I'm new to this forum (and hope I have posted this in the right place) but have been reading advice about another school I was considering previously, but turned it down.

I have now been offered a teaching position at Nibras International School in Dubai and would luv to know if anyone has worked there before (or is there now?) and has any info or advice about this school.

I have done some research but all I could find was one comment from 2010 from a user saying "run for the hills" and all the rest is info about results statistics. 

So is it still the same from the comment in 2010 or has it improved?

Any help would be greatly appreciated!


----------



## Stevesolar (Dec 21, 2012)

Melly_Belly said:


> Hi guys,
> 
> I'm new to this forum (and hope I have posted this in the right place) but have been reading advice about another school I was considering previously, but turned it down.
> 
> ...


Hi,
Did you check the KHDA reports for this school?
They can be found here:-
Government of Dubai | Knowledge and Human Development Authority | Search
Interestingly, the school is US curriculum, largest teacher group is British and largest student group is Egyptian!
That would make for an interesting and challenging day!
Cheers
Steve


----------



## Melly_Belly (Jul 7, 2015)

*Thanks Steve*

Hi Steve

Thanks for the link and it does seem an interesting mix but I really wanted to know what the school was like for new expat teachers as the only report I could find (that wasn't about the statistics of the school) was a negative one. 

Many thanks 

Mel


----------



## kelinuae (May 29, 2015)

I have 2 friends that taught there about 4-5 years ago.
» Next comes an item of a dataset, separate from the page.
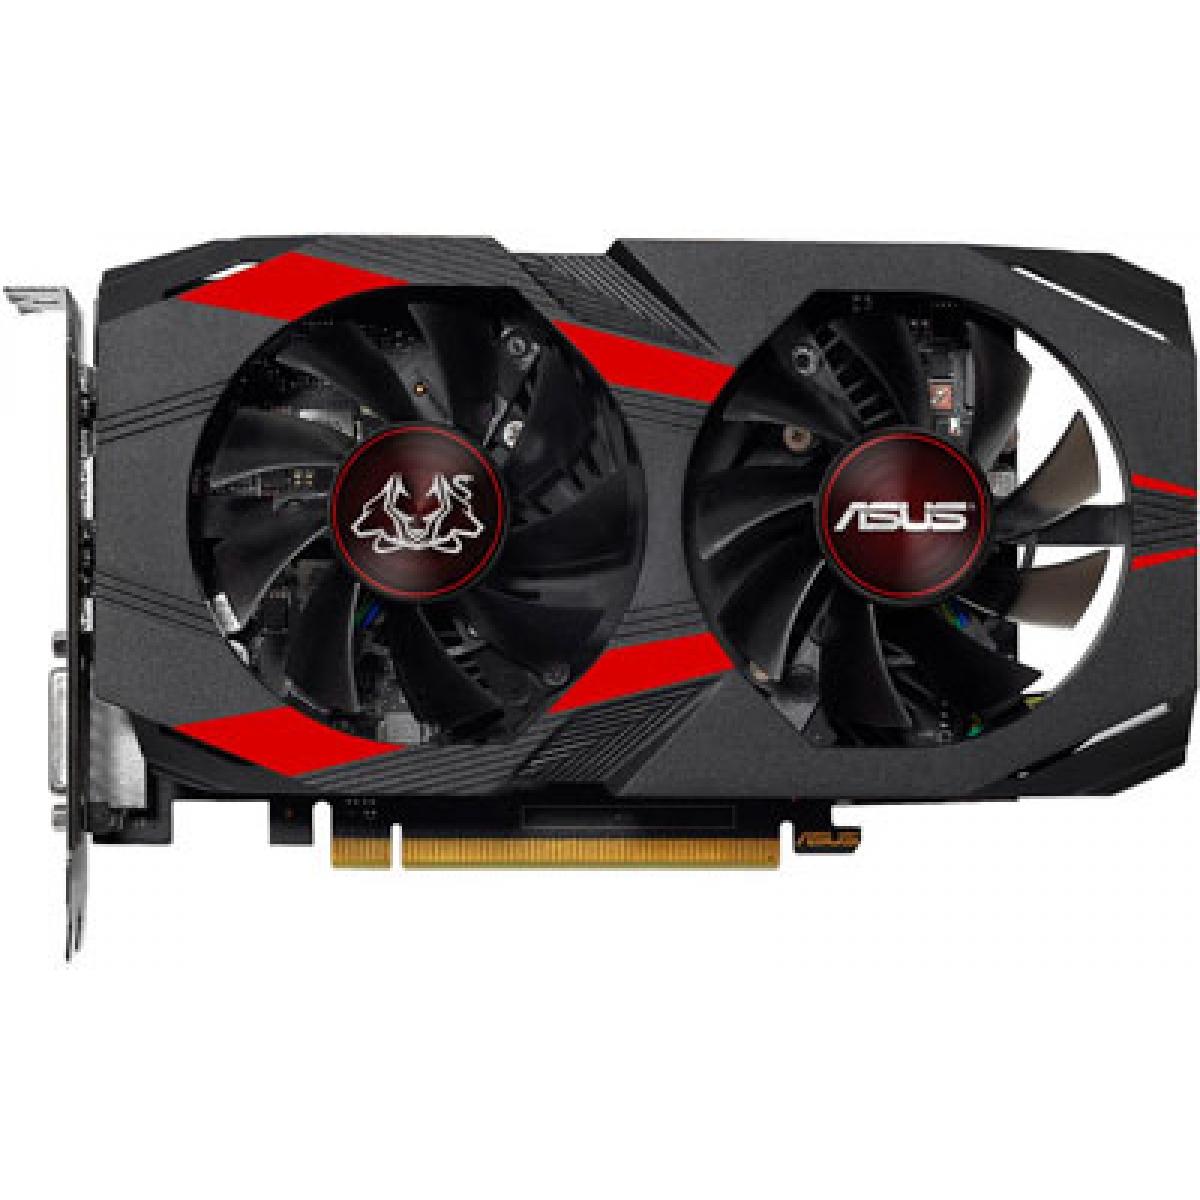 Placa de Video Asus, GeForce, GTX 1050 Ti Dual OC CERBERUS, 4GB, GDDR5, 128Bit, CERBERUS-GTX1050TI-O4G

They both taught kindergarten and stayed at the school for about 2-3 years. I know that the school is quite remote and the housing isn't in a very happening area. (They both took a housing allowance and shared an apartment near the Marina.) I know that neither one of them was very impressed with the school, but I'm pretty sure that they were paid on time and didn't have any major problems. The pay (at least at the time) was less than most other schools, so I know they weren't too happy about that. I wish I could be of more help, but that's all I can remember.


----------



## Melly_Belly (Jul 7, 2015)

Thanks kelinuae.

I thought it was quite far from the action but really wanted to hear from someone who has either been there themselves or knows someone who has.

I think I'll look at the other offers on the table then.

Thanks again for your help


----------